**AVAILABLE RECORDS**
┏━━
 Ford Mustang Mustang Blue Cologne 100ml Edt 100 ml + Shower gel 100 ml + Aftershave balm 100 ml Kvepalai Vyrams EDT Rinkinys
┗━━
┏━━
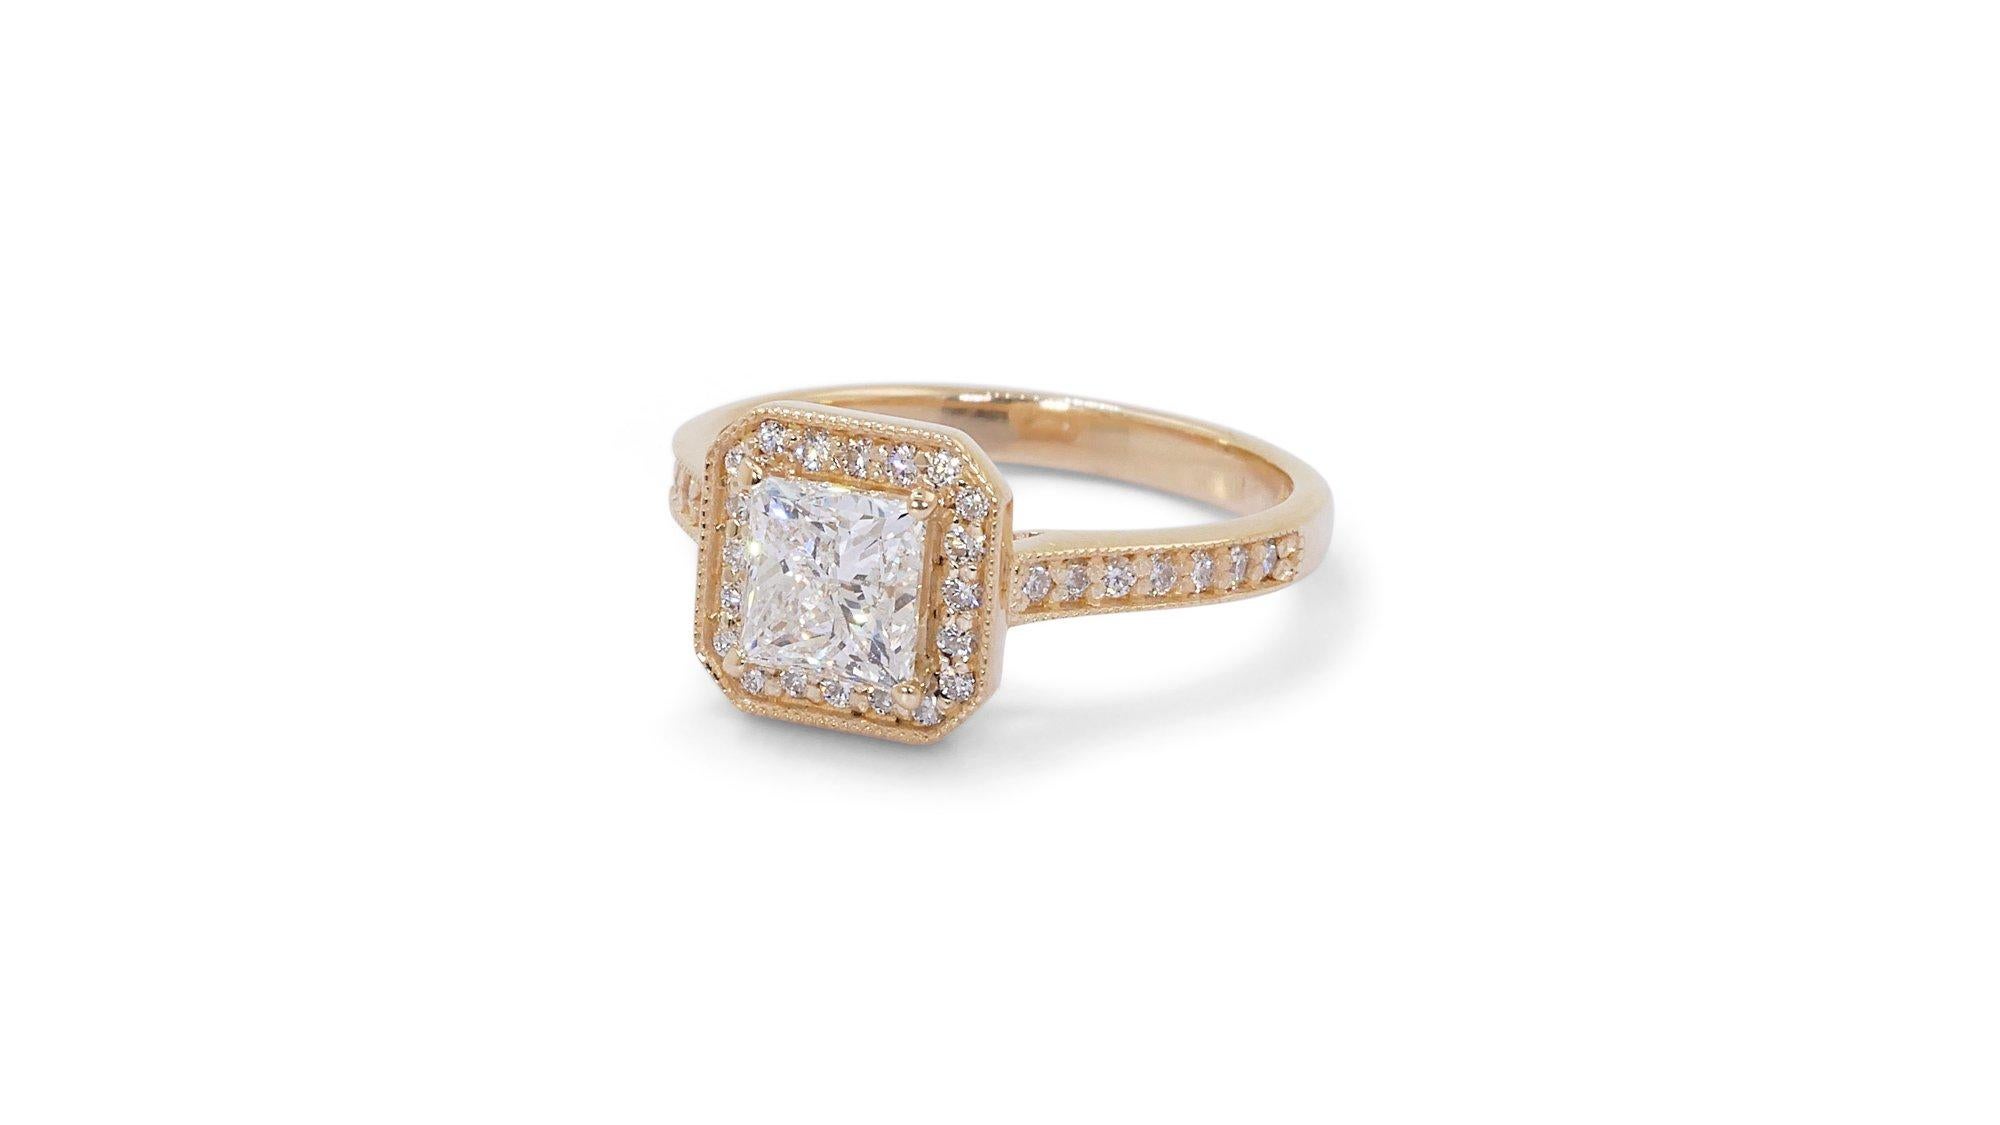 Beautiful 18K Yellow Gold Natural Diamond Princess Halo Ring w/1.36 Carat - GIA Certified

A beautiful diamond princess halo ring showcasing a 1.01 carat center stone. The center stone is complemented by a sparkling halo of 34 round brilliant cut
┗━━
**WORK INSTRUCTIONS**
Return the lines above from the one with "Beautiful 18K Yellow" through the one with "A beautiful diamond", verbatim and nothing else. Omit every picture.

**ANSWER FOR THE TASK**
 Beautiful 18K Yellow Gold Natural Diamond Princess Halo Ring w/1.36 Carat - GIA Certified

A beautiful diamond princess halo ring showcasing a 1.01 carat center stone. The center stone is complemented by a sparkling halo of 34 round brilliant cut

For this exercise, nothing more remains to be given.